The stunning statistics reveal that in 2007 German forces in northern Afghanistan drank 1.7million pints of beer and 90,000 bottles of wine.
The troops also downed 896,000 pints of beer in the first six months of this year, the Times reported.

http://www.dailymail.co.uk/news/worldnews/article-1091559/German-soldiers-fat-fight-Taliban-drink-boys-dry.html


----------



## RHFC_piper (4 Dec 2008)

???


Really?


These guys don't appear all the "fat"...  







But, then again, this could be just a small cross-section of what is there.

Is there any substance to this? Has anyone here worked with the Germans and agree with this article? 

I've personally never worked with them, but while I was in KAF an Aussie troop mentioned that Canada had the "fattest army in NATO".... Have we lost the crown?

(Before anyone freaks out; I'm sure the comment was made in jest... please take it as such)


----------



## ModlrMike (4 Dec 2008)

Having just returned, I would say that there's enough fat to go around. There are certainly members of every contingent who's hold on gravity is greater than their comrades', but I don't remember any one contingent being more earth bound than any other.


----------



## RHFC_piper (4 Dec 2008)

ModlrMike said:
			
		

> Having just returned, I would say that there's enough fat to go around. There are certainly members of every contingent who's hold on gravity is greater than their comrades', but I don't remember any one contingent being more earth bound than any other.



How eloquently put...   ;D


----------



## Haggis (4 Dec 2008)

Having just returned from a tasking in Germany, I have to agree with Modlr Mike.  Excessive girth is equally distributed amongst the NATO allies (and several partner counteries as well).


----------



## Dariusz (4 Dec 2008)

Having served with the German military, I would have to disagree with the article.
There has been many articles about how fat German soldiers are, written by the British press, in the last 4 to 6 years. I think that any military has it’s overweight troops. Speaking from my personal experience / deployment to Afghanistan, I would have to say that the most obese soldiers at KAIA during my roto in 2004, were female British soldiers.


----------



## -rb (4 Dec 2008)

RHFC_piper said:
			
		

> I've personally never worked with them, but while I was in KAF an Aussie troop mentioned that Canada had the "fattest army in NATO".... Have we lost the crown?

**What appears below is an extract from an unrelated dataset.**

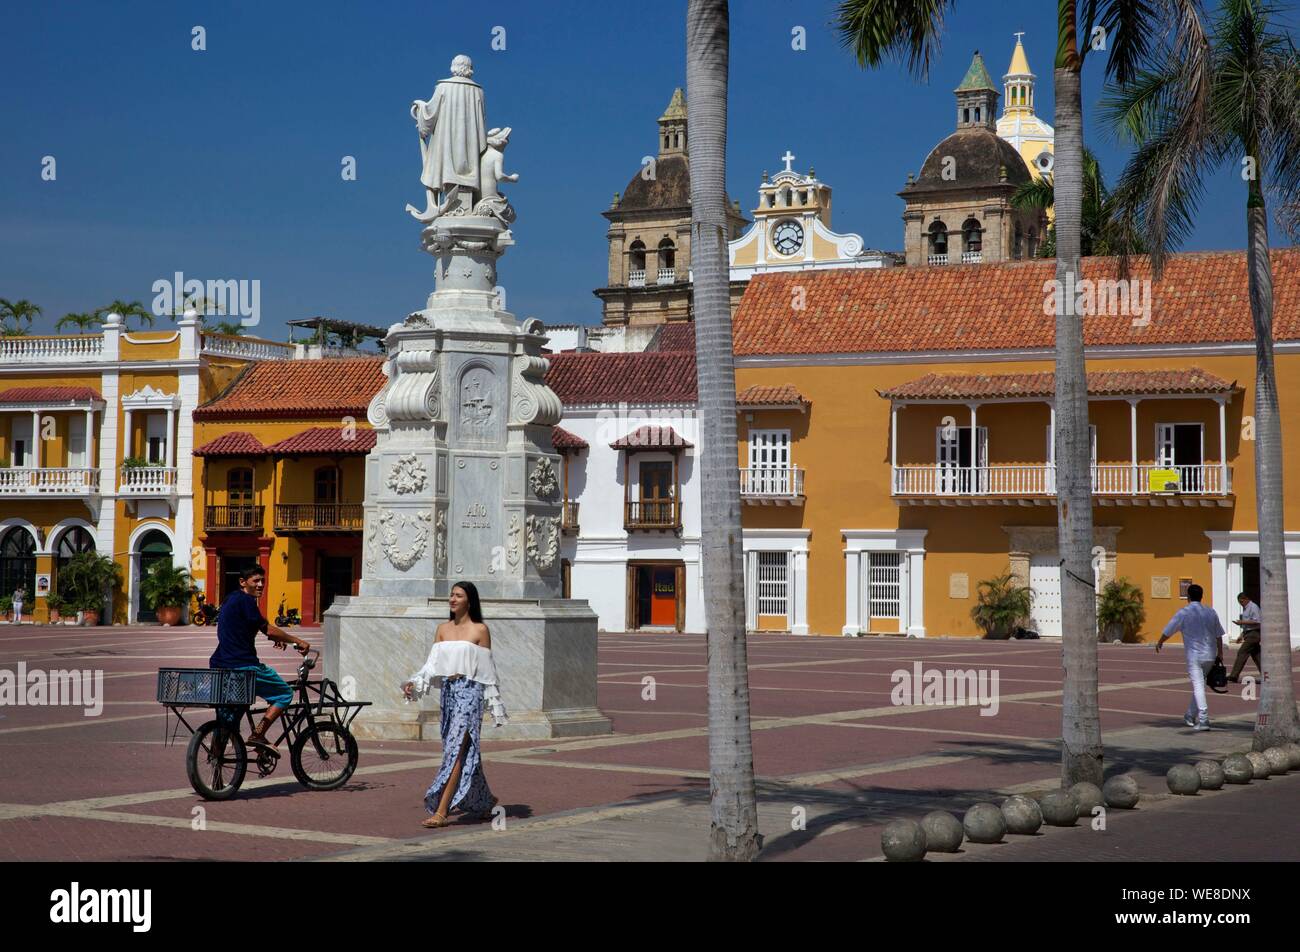 La Colombia, Dipartimento di Bolivar, Cartagena, elencati come patrimonio mondiale dall' UNESCO, il giovanissimo colombiano elegantemente vestito sulla piazza di San Pietro Claver e le sue facciate coloniale, situato nella parte vecchia della città Foto Stock

No No, we haven't lost the crown, in fact from my point of view we seem to be wearing it prouder than ever....along with the gravy stains on some members shirts as well. Besides the numerous times I heard the snickers and chatter in the mess to seeing a CF member get lowered to the ground on the front of an ARV because he was too large to safely make it off the vehicle under his own control has made me lose all faith in the CF fitness standards. True, there are a few in every contingent but by and large nowhere near the ratio we seem to have. Of course this is all just my personal opinion. end rant. 

cheers.


----------



## RHFC_piper (4 Dec 2008)

Being one of the "pudgy" guys in the CF (I'm working on it), I think I'd have to say I somewhat agree with yukon... but i also agree with Modlr, Haggis and Dariusz; I think every NATO army has their fair share of pudge, (I don't know anything about the Brit women in Afg, though... sorry Dariusz.), but I think we do have our own issues in that regard as well...  I'm not going to say much more on this issue, due to the fact that I may just be one of those guys adding weight to the CF...  But when I can run longer without pain, I will and I will drop the weight (or I'll get the boot).    But with that said, I can't say I've lost faith in the CF fitness system, 'cause it's not the system that fails the troops, its the troops that fail the system.... But, again, I'm not one to comment.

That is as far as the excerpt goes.